If you have tight timing, just give it a little extra slack since the walk may run a touch longer than the minimum estimate. And if you’re choosing between several Lucca activities, pick this one when you want your visit to come with sound, not just sight.
FAQ
How long is the Lucca music tour?
It lasts about 2 hours to 2 hours 30 minutes.
Is the tour offered in English?
Yes. It’s offered in English, and it’s described as bilingual in Italian and English.
What’s included in the ticket price?
Admission is included for the Teatro del Giglio stop and for the Puccini Museum visit. Other stops are described as not included or free depending on the location.

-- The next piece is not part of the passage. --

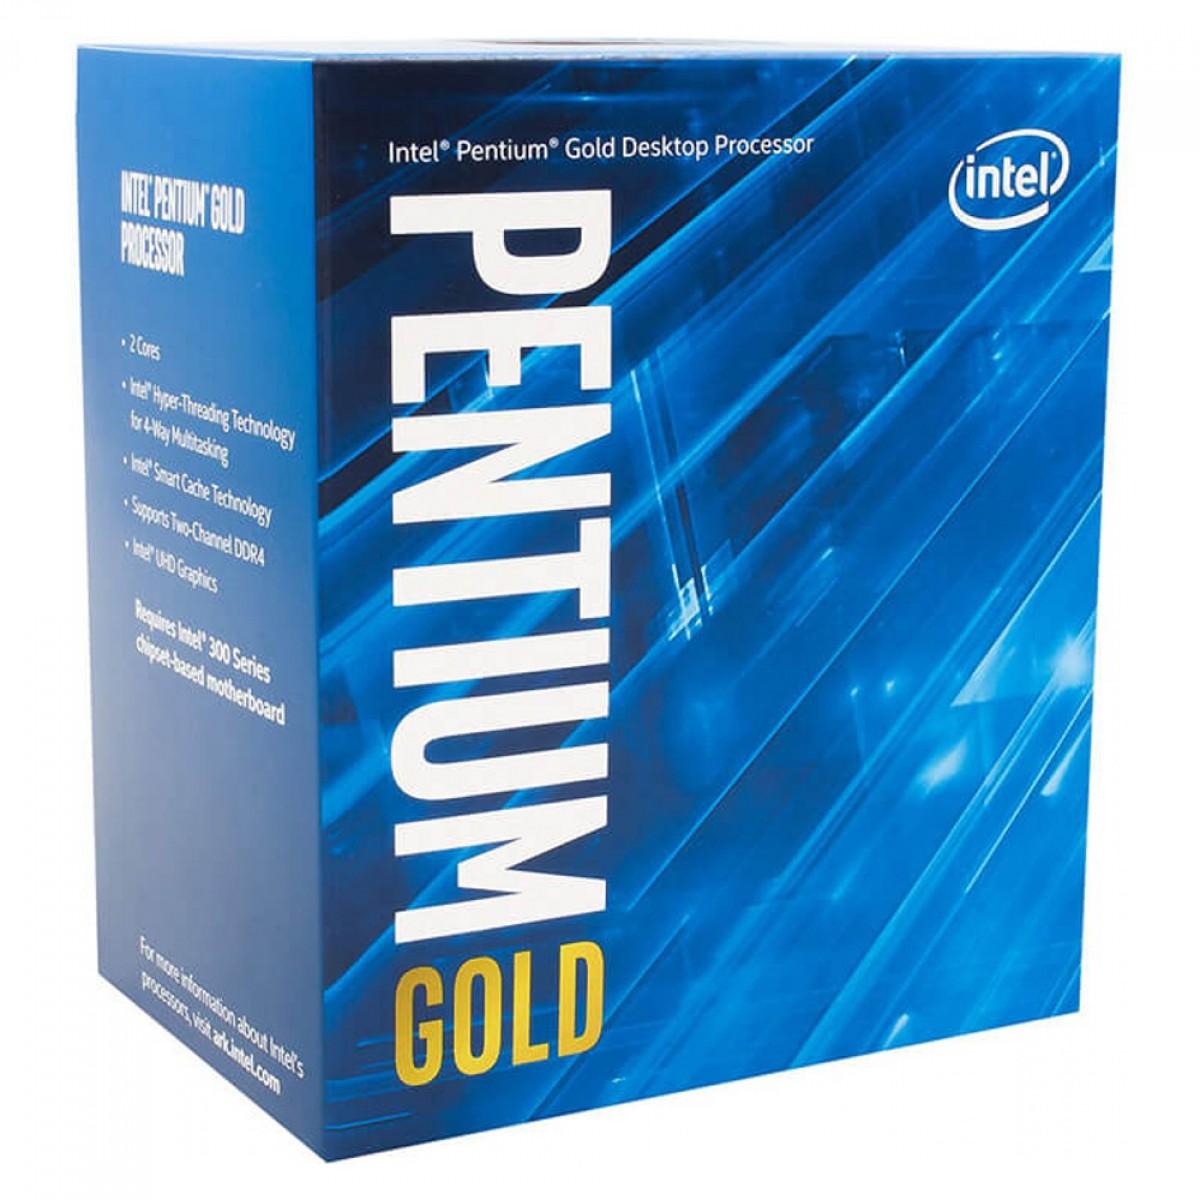 Kit Upgrade, Asus Prime H310M-E + Intel Pentium Gold G5420 + 8GB DDR4 3000MHz
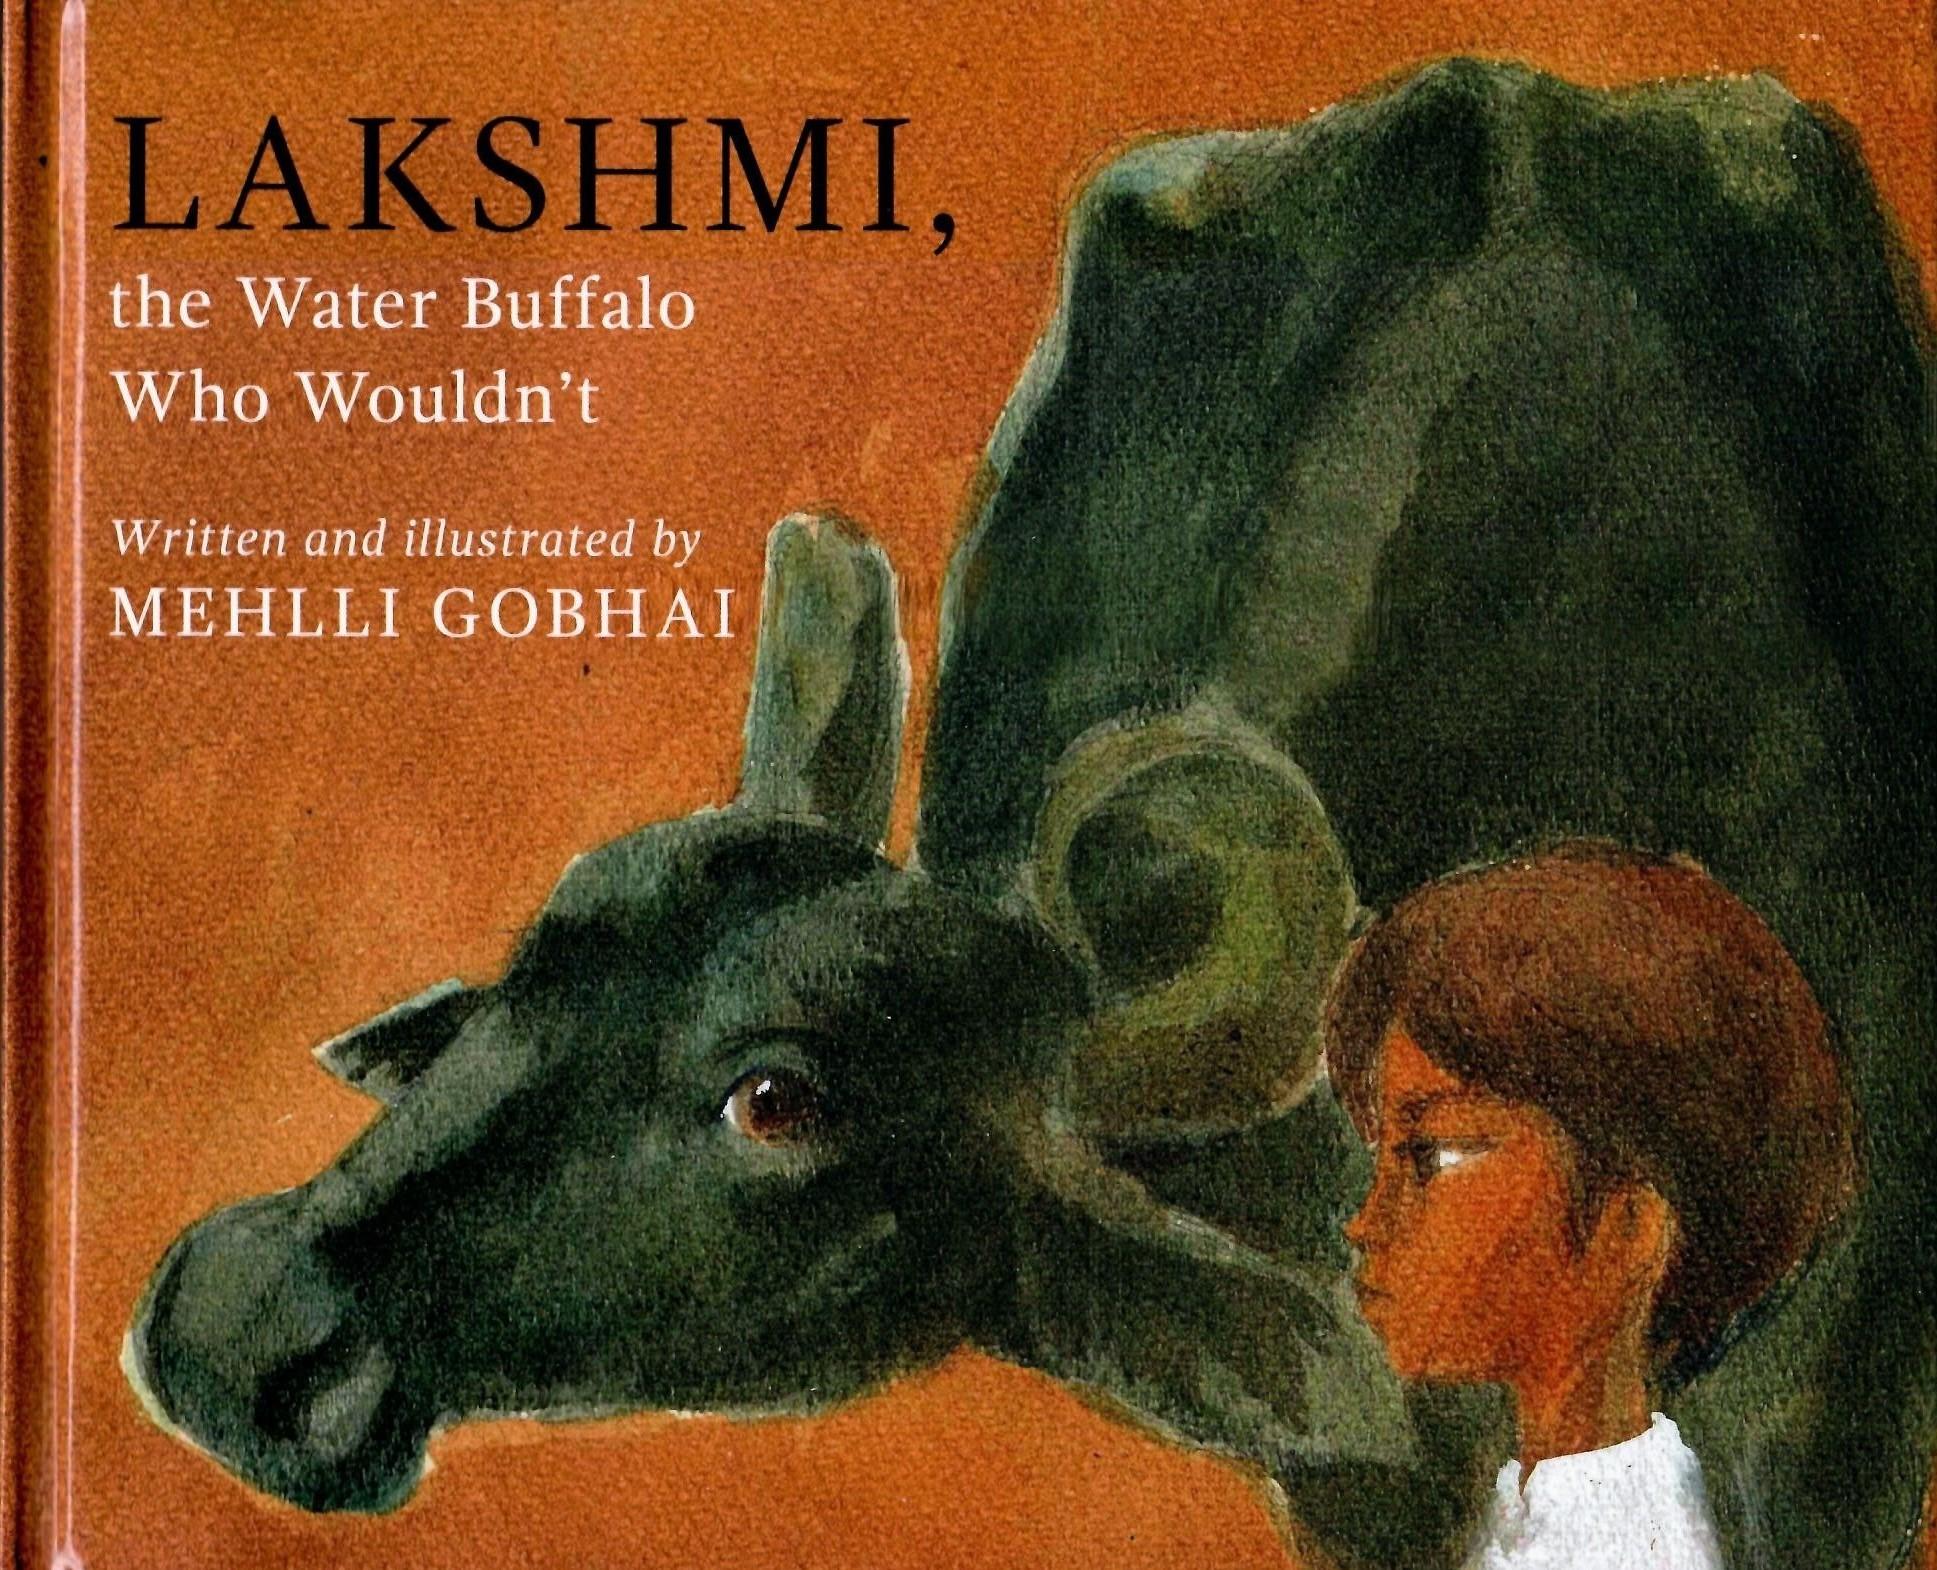 Lakshmi, the water buffalo who wouldn't

Where do I meet the guide?
Meet at the Teatro del Giglio ticket office at Piazza del Giglio, 13/15. The meeting time is 10:45 am, with the tour starting at 11:00 am.
Is there an admission fee for Piazza dell’Anfiteatro?
No. The visit to Piazza dell’Anfiteatro is listed as free.
What is the maximum group size?
The tour has a maximum of 25 travelers.
Is a mobile ticket accepted?
Yes, the tour uses a mobile ticket.
Can I cancel for free?
Free cancellation is available. You can cancel up to 24 hours in advance for a full refund.